2026/5/13
診療報酬改定で加速する看護師確保競争。「定着」する組織づくり、できていますか?

診療報酬改定により、医療機関は賃上げ対応と人材確保という大きな課題に直面しています。しかし、給与水準の引き上げだけでは、看護師の採用・定着は実現できません。

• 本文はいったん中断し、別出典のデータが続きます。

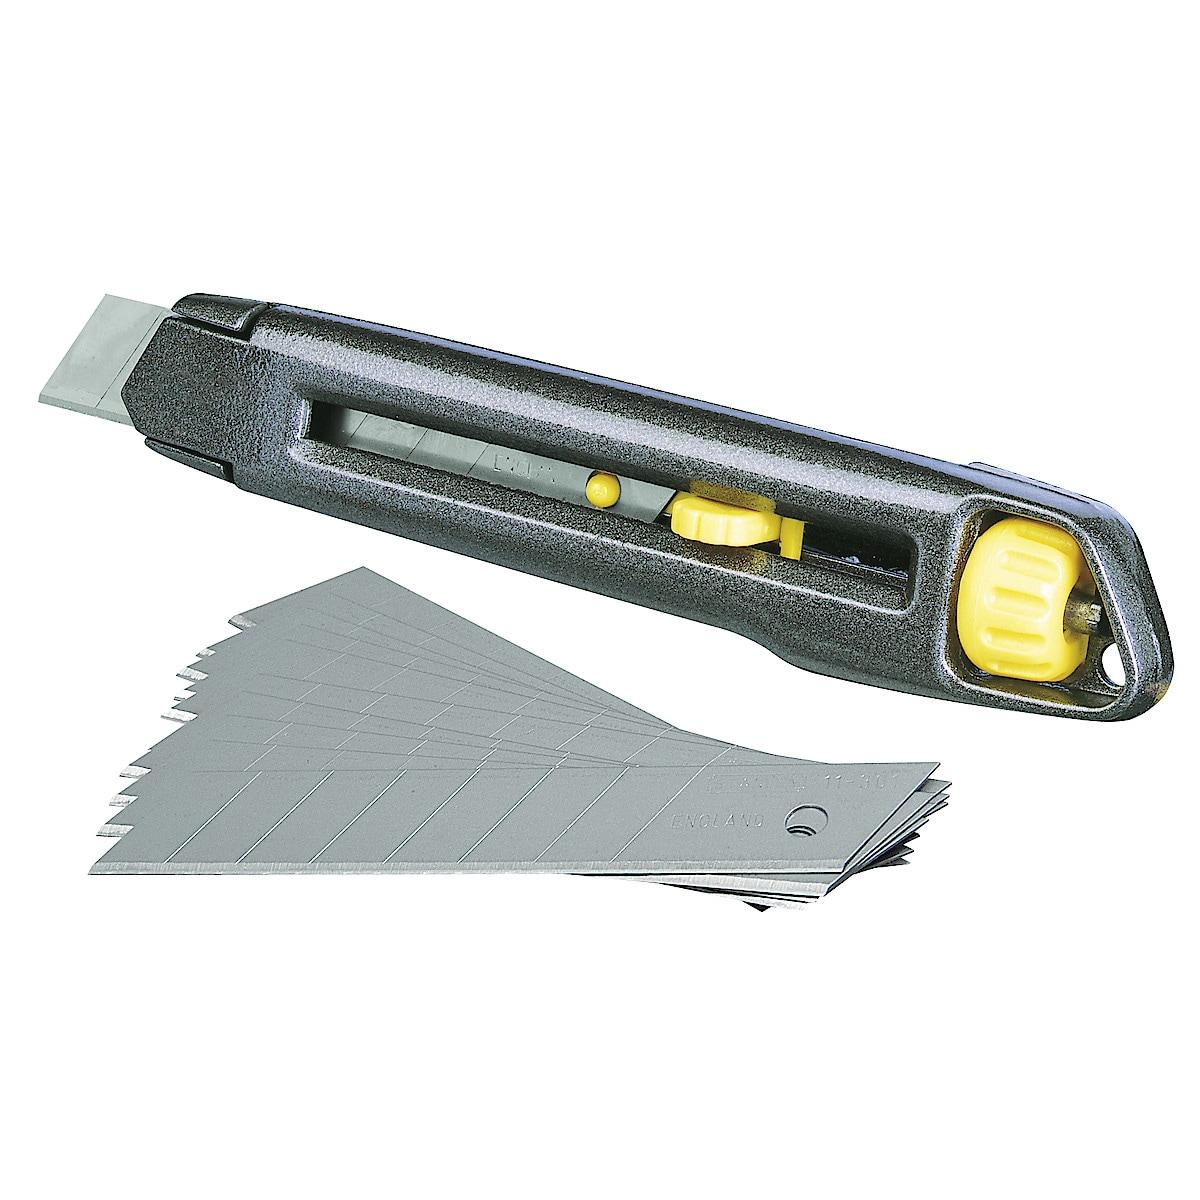 Brytbladskniv Stanley Interlock

現在、看護師の確保競争は「数」から「質と定着」へとシフトし、旧態依然な組織体制からの脱却が求められています。看護師から選ばれる病院とそうでない病院の差はどこにあるのでしょうか。
本記事では、診療報酬改定を背景に、看護師採用の構造的な変化と、これからの病院経営に求められる組織づくりのポイントを株式会社日本経営 組織人事コンサルティング部 課長の馬渡美智さんに伺いました。
人材を確保できる病院と確保できない病院の差とは
−2026年度の診療報酬改定により、看護師の確保競争はどのように変化していますか。
看護師の確保競争は「単なる頭数合わせ」から、ベースアップ評価料やICTを駆使した「質と定着率の競争」へと劇的に変化しています。
具体的には「高い給与で人材を確保する大規模病院・都市部」と、「ICTの導入や他職種へのタスク・シフト、または制度の緩和規定を活用して少ない人数で生き残りを図る中小病院・地方」の二極化になるのではないかと考えます。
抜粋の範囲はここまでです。